Soap on a rope?  Send with an instruction card to "Wrap around ankle"...

MM


----------



## Rheostatic (29 Nov 2012)

Just gonna throw this out there:


----------



## Occam (29 Nov 2012)

I don't know if it's just the way his eyes are painted, but it looks like the Master Seaman Watson in the package needs to lay off the coffee for a little while.


----------



## Snakedoc (30 Nov 2012)

Occam said:
			
		

> I don't know if it's just the way his eyes are painted, but it looks like the Master Seaman Watson in the package needs to lay off the coffee for a little while.



Lol yeah...  he really does have the stunned/'on a crazy caffeine high' type of look  :rofl:


----------



## Fishbone Jones (30 Nov 2012)

There was no doubt in anyone's mind where this was going to go :facepalm:


----------



## Pat in Halifax (30 Nov 2012)

Alright, I will try to contribute something helpful! By the way, it is not the coffee in the good MS's eyes...it's the third component of rum and the lash!
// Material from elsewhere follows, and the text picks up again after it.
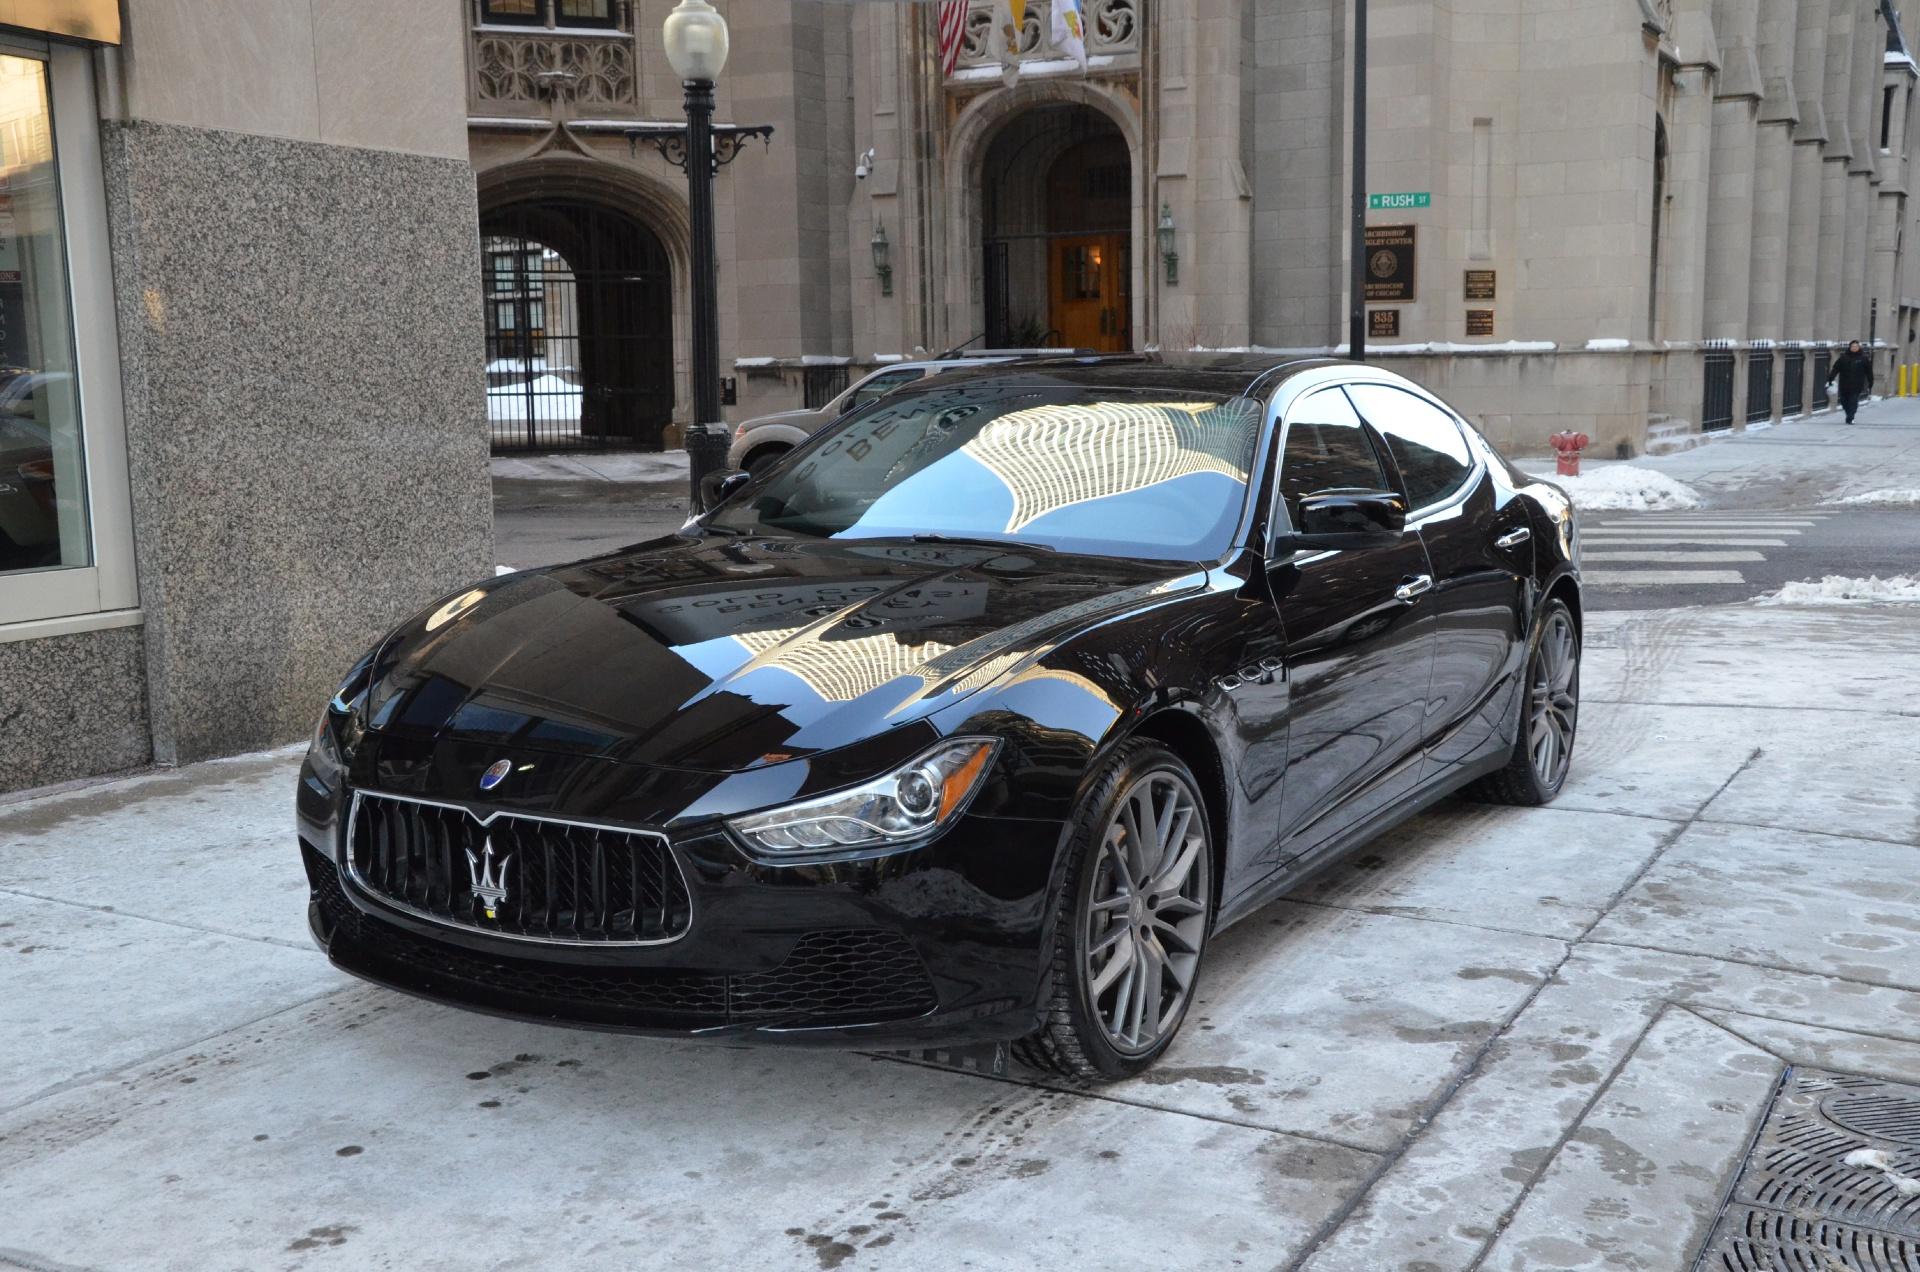 2014 Maserati Ghibli Stock M240 S For Sale Near Chicago

Books are always good. One other item which may have fallen out of fashion (I am not sure) is graphic novels/comics. I was never a fan of these but I remember them making their rounds. Home made treats are always good too but depending on where they are going (I am assuming this is someone on board REGINA?) they may arrive in a giant blob due to extreme temperatures (I once rec'd one 1 lb cookie the size of an apple pie).
I wouldn't suggest movies/TV shows and the only reason I say that is because they are probably on board somewhere. Much swapping of movies goes on and with downloaded ones on sticks etc, I don't think this would make the impact the OP is hoping for.
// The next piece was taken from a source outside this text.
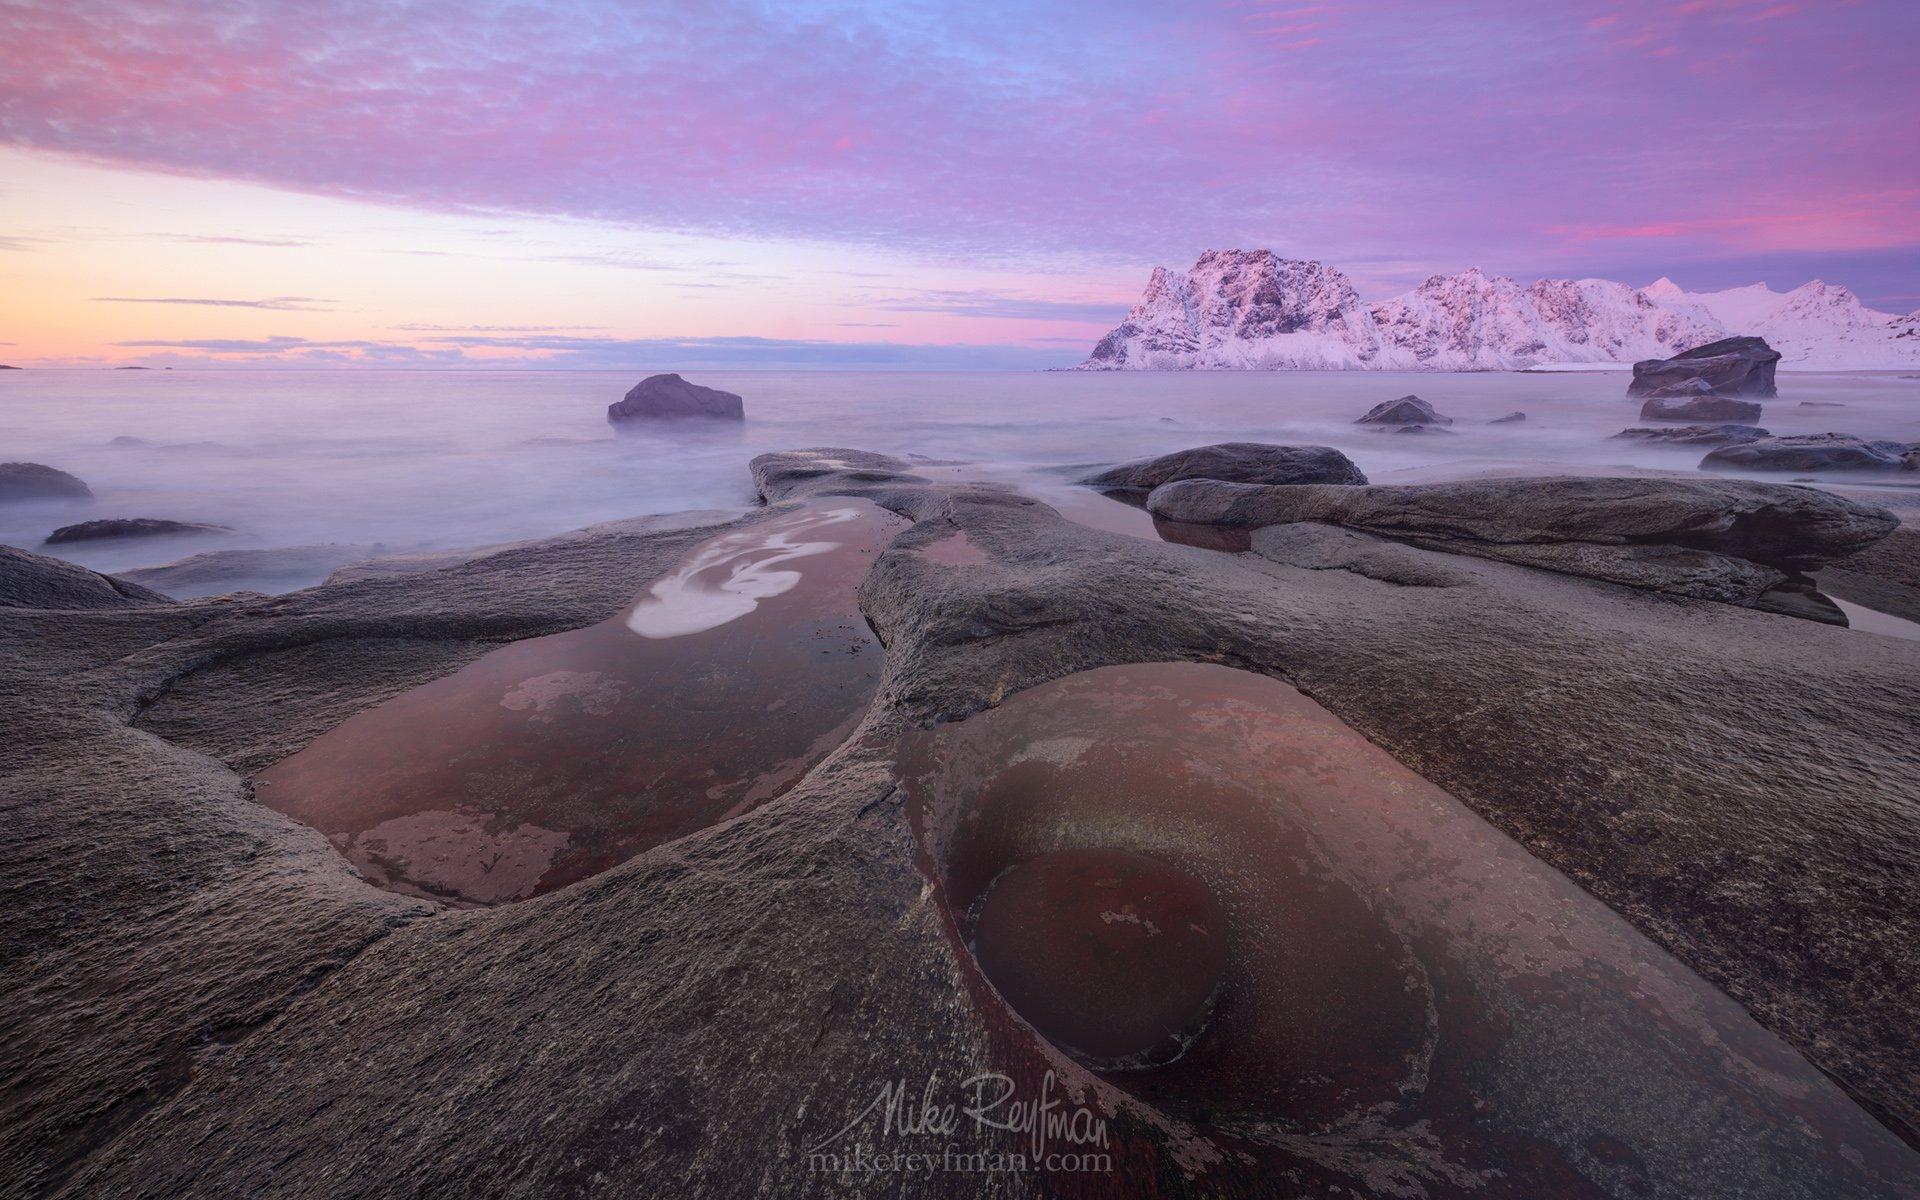 arctic avocado, winter sunset, uttakleiv beach, uttakleiv eye, lofoten, norway., Майк Рейфман

That said, there must be people on here currently deployed, what are some of the things you miss?


----------



## CobaltMcD (30 Nov 2012)

Pat in Halifax said:
			
		

> Alright, I will try to contribute something helpful! By the way, it is not the coffee in the good MS's eyes...it's the third component of rum and the lash!
> 
> Books are always good. One other item which may have fallen out of fashion (I am not sure) is graphic novels/comics. I was never a fan of these but I remember them making their rounds. Home made treats are always good too but depending on where they are going (I am assuming this is someone on board REGINA?) they may arrive in a giant blob due to extreme temperatures (I once rec'd one 1 lb cookie the size of an apple pie).
> I wouldn't suggest movies/TV shows and the only reason I say that is because they are probably on board somewhere. Much swapping of movies goes on and with downloaded ones on sticks etc, I don't think this would make the impact the OP is hoping for.
> ...



Ahh yes yes, good point. So I think my best bet will be books and some snacks, that Pusser's rum cake is tempting as well! Can't ship liquor through Canada Post. I'm unsure if he is currently on leave or what boat he is normally(is that how it works?) deployed on.

Definitely if you're currently deployed what are things you miss, or when you come back home from being deployed whats the first thing you need


----------



## Maxadia (30 Nov 2012)

A thumb drive. 




Too soon?


----------



## kratz (30 Nov 2012)

An essential gift for you sailor who enjoys his run ashore  >


----------



## Pat in Halifax (30 Nov 2012)

Of course you mean HMCS vice HCMS.
For God's sake, don't return him to the Cox'n! Everyone deserves one strike!
"Return to ## Mess, HMCS _______"


----------



## MusclesGlasses (1 Dec 2012)

I have a question that is slightly off topic, but related to this thread. I notice that CANEX gift cards exist, but don't seem to be available to be purchased online. My though is that this would be the perfect gift for someone in the forces, Navy or otherwise, and even for someone about to go off to basic...like myself 

Anyone know if there is more info on them than what can be found on the CANEX website?

Cheers


----------